* [Problem to solve]: Give the data below again exactly as written, without its pictures.

* [Dataset content]:
****
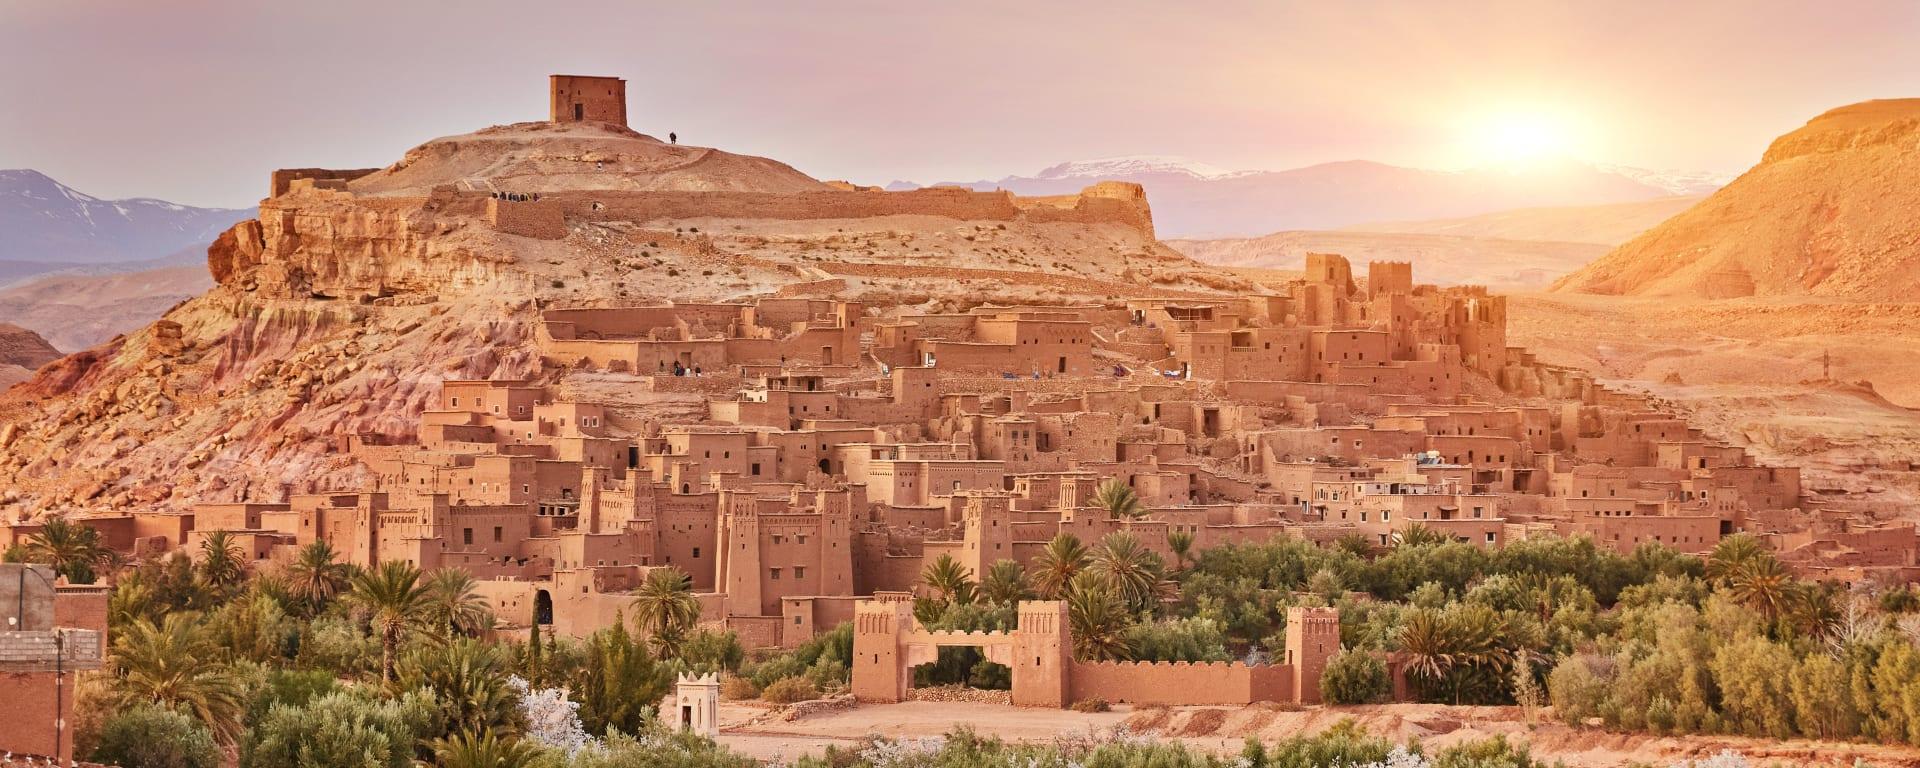 Kurztrip Süden ab Marrakesch: Marokko Ait Benhaddou
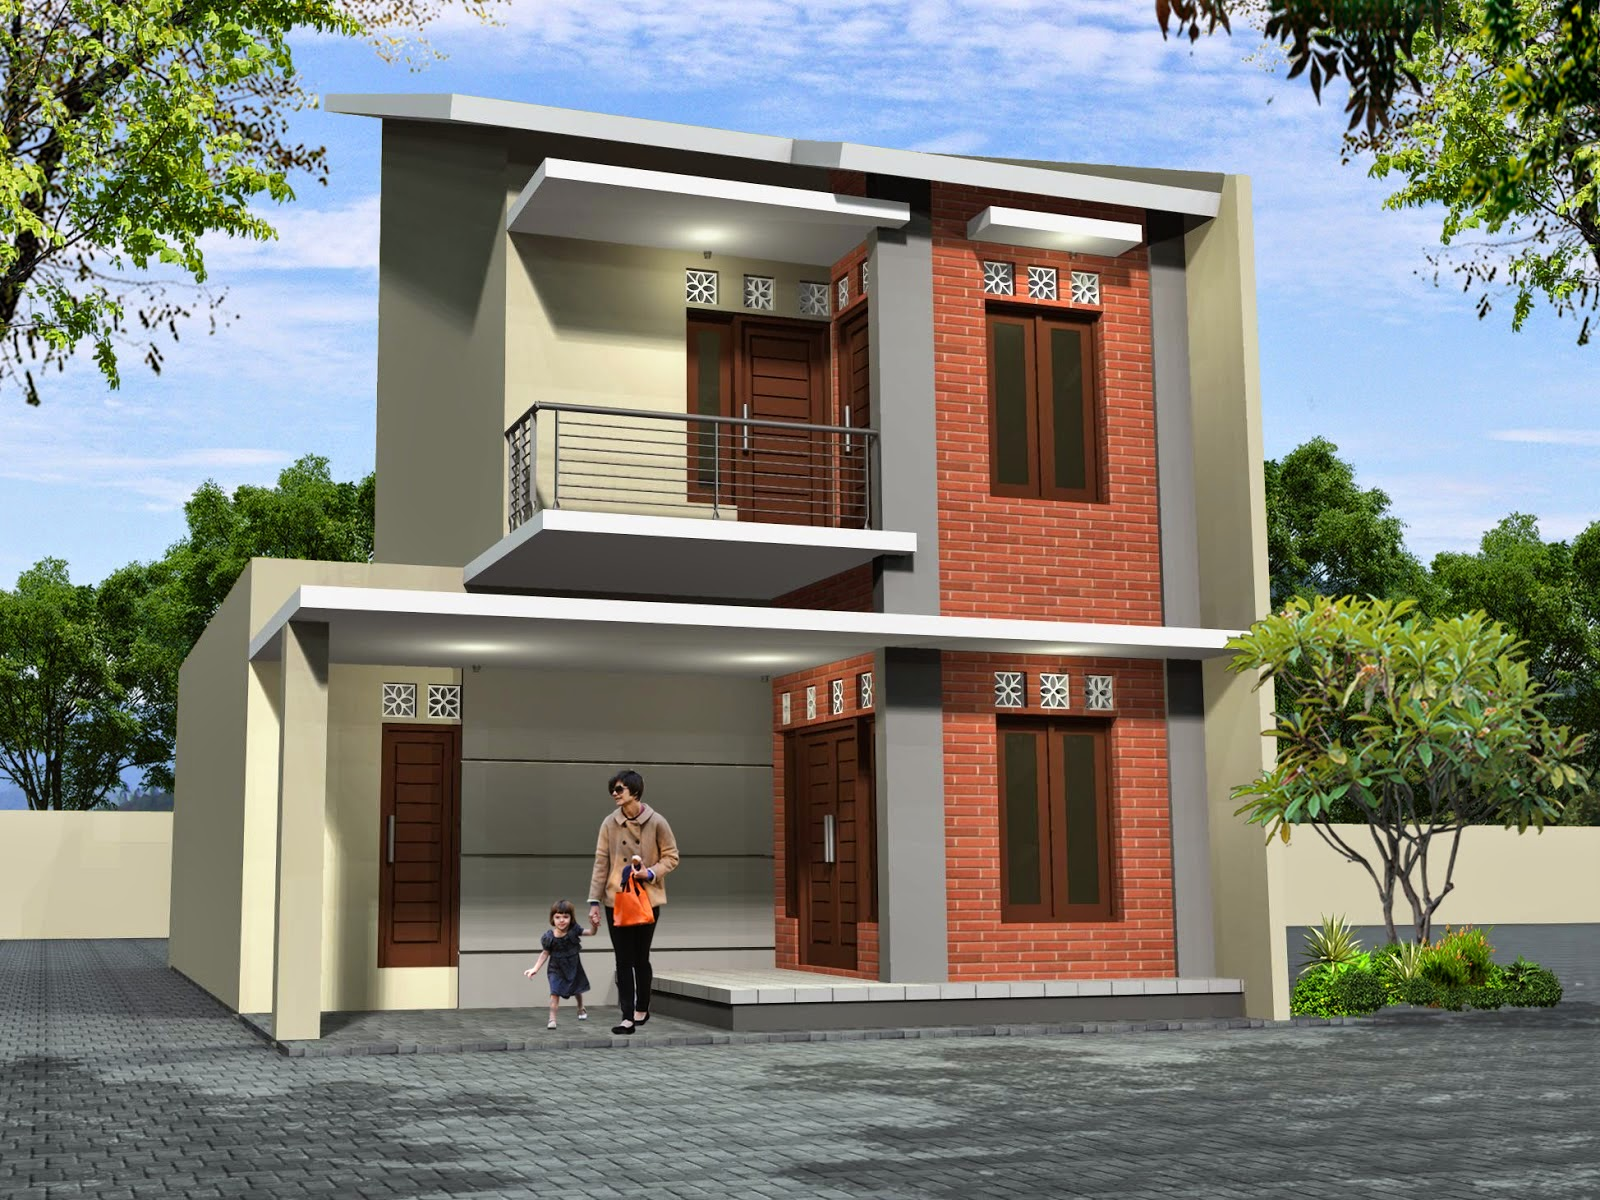 Gambar Rumah Idaman Sederhana 2 Lantai
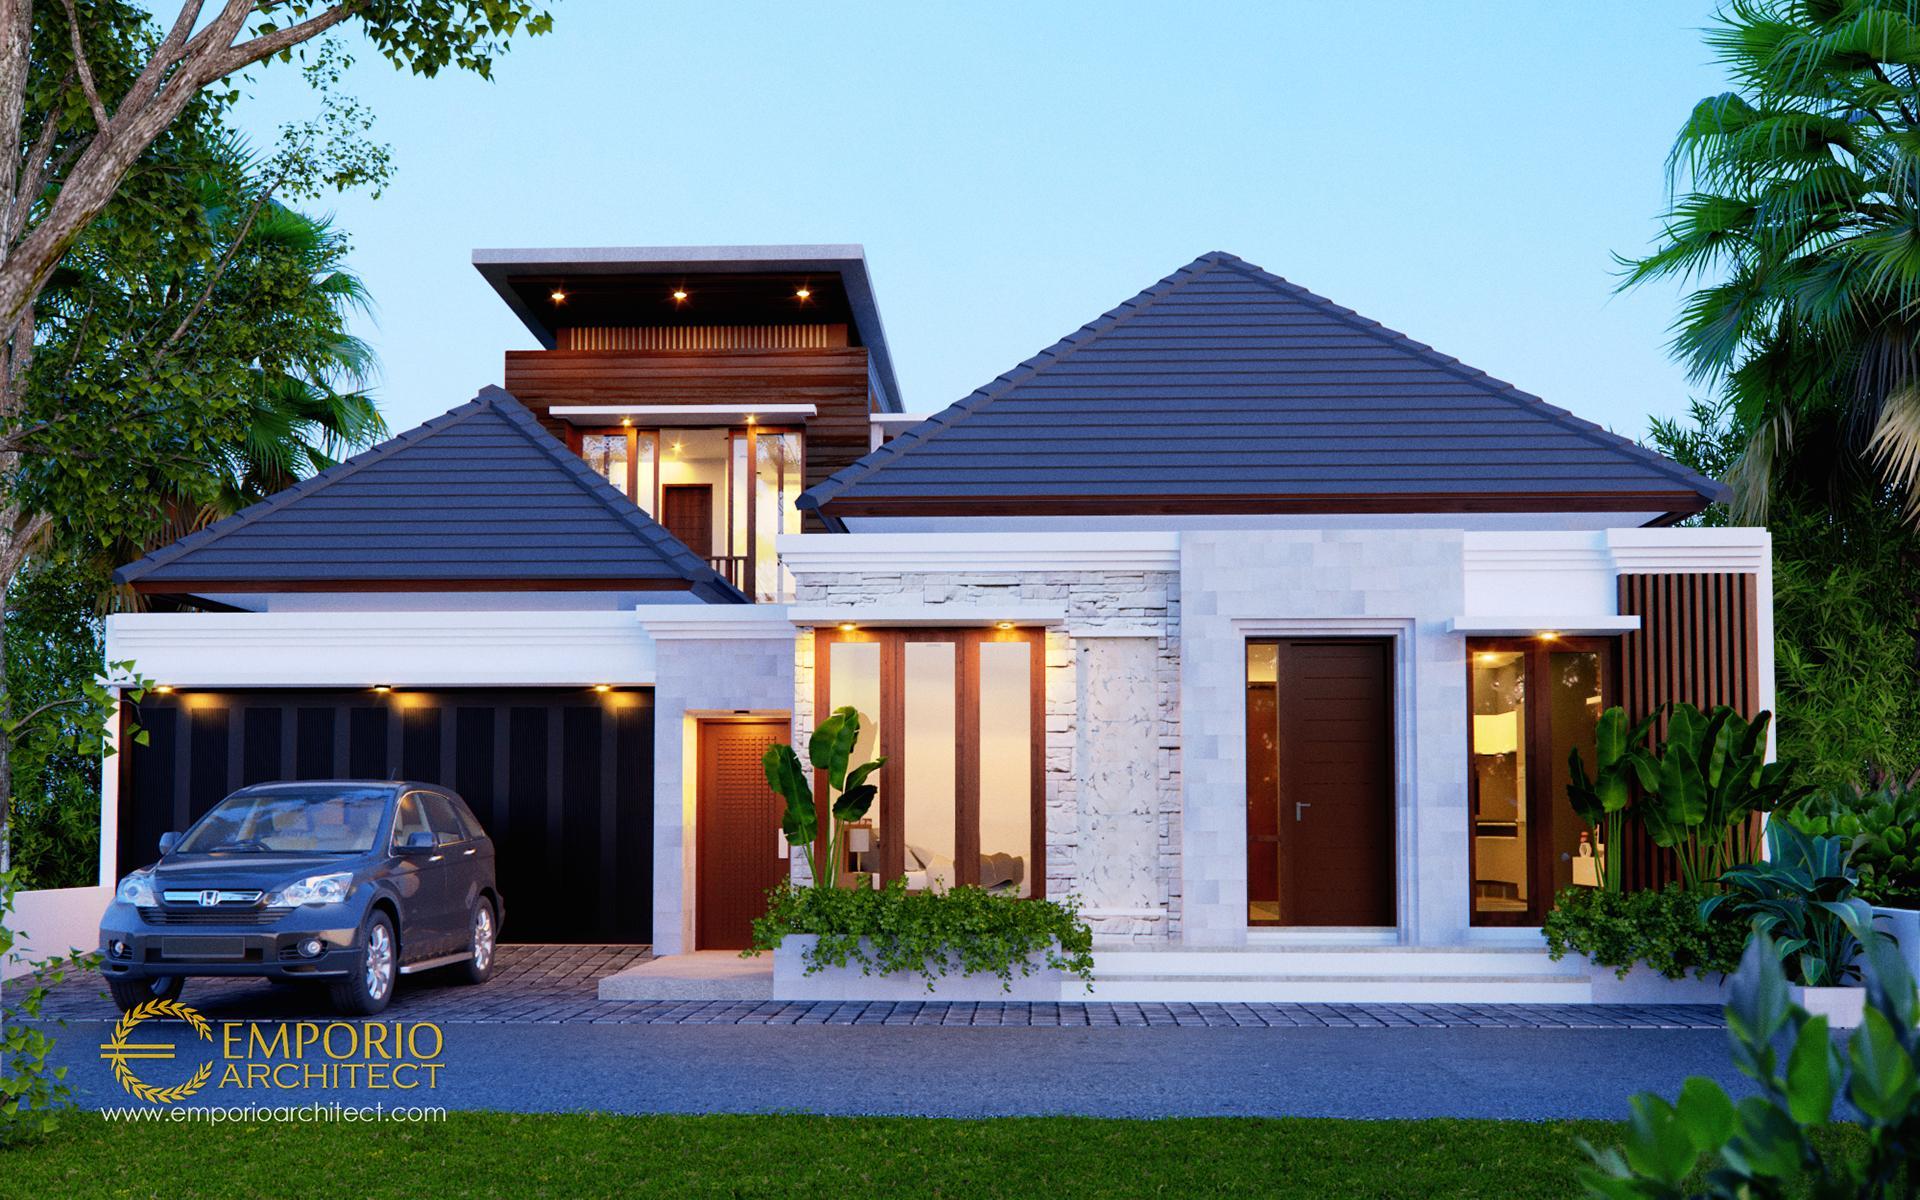 Mr. Tim & Mrs. Villa Modern House 2 Floors Design - Bintaro, Jakarta Selatan
****
* [Expected output]:
 Kurztrip Süden ab Marrakesch: Marokko Ait Benhaddou
 Gambar Rumah Idaman Sederhana 2 Lantai
 Mr. Tim & Mrs. Villa Modern House 2 Floors Design - Bintaro, Jakarta Selatan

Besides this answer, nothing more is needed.